Vetstreet highlights the importance of pre-screening Cane Corso parent pairs for genetic health issues before allowing mating.

This is important to verify if you are considering purchasing or adopting a Cane Corso with less common or rare coat color.

While running pre-mating health tests on the parent dogs may not guarantee that your puppy won’t have any health problems, it rules out heritable health issues passed down from parent dogs to puppies.

The Cane Corso dog breed is listed in the Orthopedic Foundation for Animals’ Canine Health Information Center (OFA-CHIC) health database. This database keeps a list of breed-specific genetic health issues.

The OFA-CHIC database states that Cane Corso puppies can inherit these serious health issues:

  • Hip dysplasia.
  • Elbow dysplasia.
  • Cardiac issues.
  • Eye issues.
  • Patellar luxation.
  • Autoimmune thyroiditis.

The dilute coat colors, especially blue-coated Cane Corsos, can have a higher incidence of serious skin issues.

Dermatitis, color dilution alopecia (hair loss), skin wrinkling, skin allergies, and follicular dysplasia have all been linked to dilute coat colors in the Cane Corso dog breed.

It is important to understand that there currently are no pre-screening genetic health tests to predict whether a puppy with a rare coat color will develop any of these issues.

Sometimes the puppy will start having skin troubles early in life, but it is more common to see a Cane Corso puppy grow up and develop skin problems or allergies later in life.

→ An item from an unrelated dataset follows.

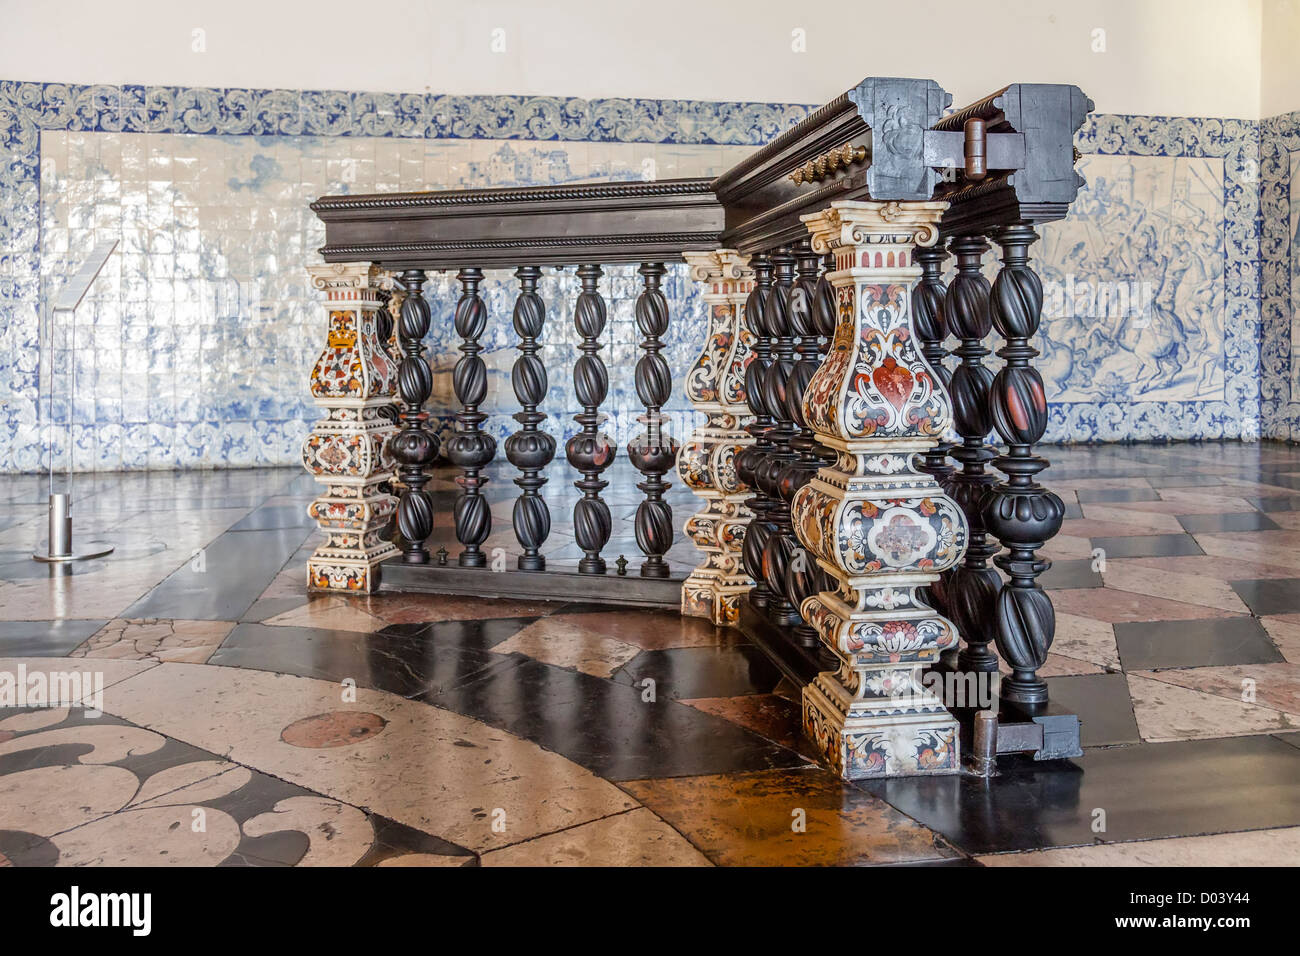 La marqueterie de marbre baroque dans le hall d'entrée (Sala da Portaria) du Monastère de São Vicente de Fora. Lisbonne, Portugal. Banque D'Images

Which Cane Corso Colors Have the Longest Life Expectancy

The Open Veterinary Journal reports that there is one Cane Corso coat color that has a longer life expectancy than all the others.

That coat color is black brindle, followed by brindle. Black brindle Cane Corsos live about 10.3 years, and brindle Cane Corsos live about 10.13 years.

Compare that with the life expectancy of male adult Cane Corsos of other colors, 9.25, and of other female adult Cane Corsos, 9.33 years.

So black brindle or brindle Cane Corso adult dogs live more than a year longer than all the other Cane Corso dogs with different coat colors.

This is why it can be important to breed to a dog’s genetic strengths rather than trying to manipulate the Cane Corso genome to produce rarer coat colors.

Many breeders who do this will do so just to be able to market their dogs as “rare colors” and thus charge a higher price per puppy.

The only way to save yourself from preventable heartache and your puppy from preventable suffering is to be sure the Cane Corso breeder you select puts puppy health above all else.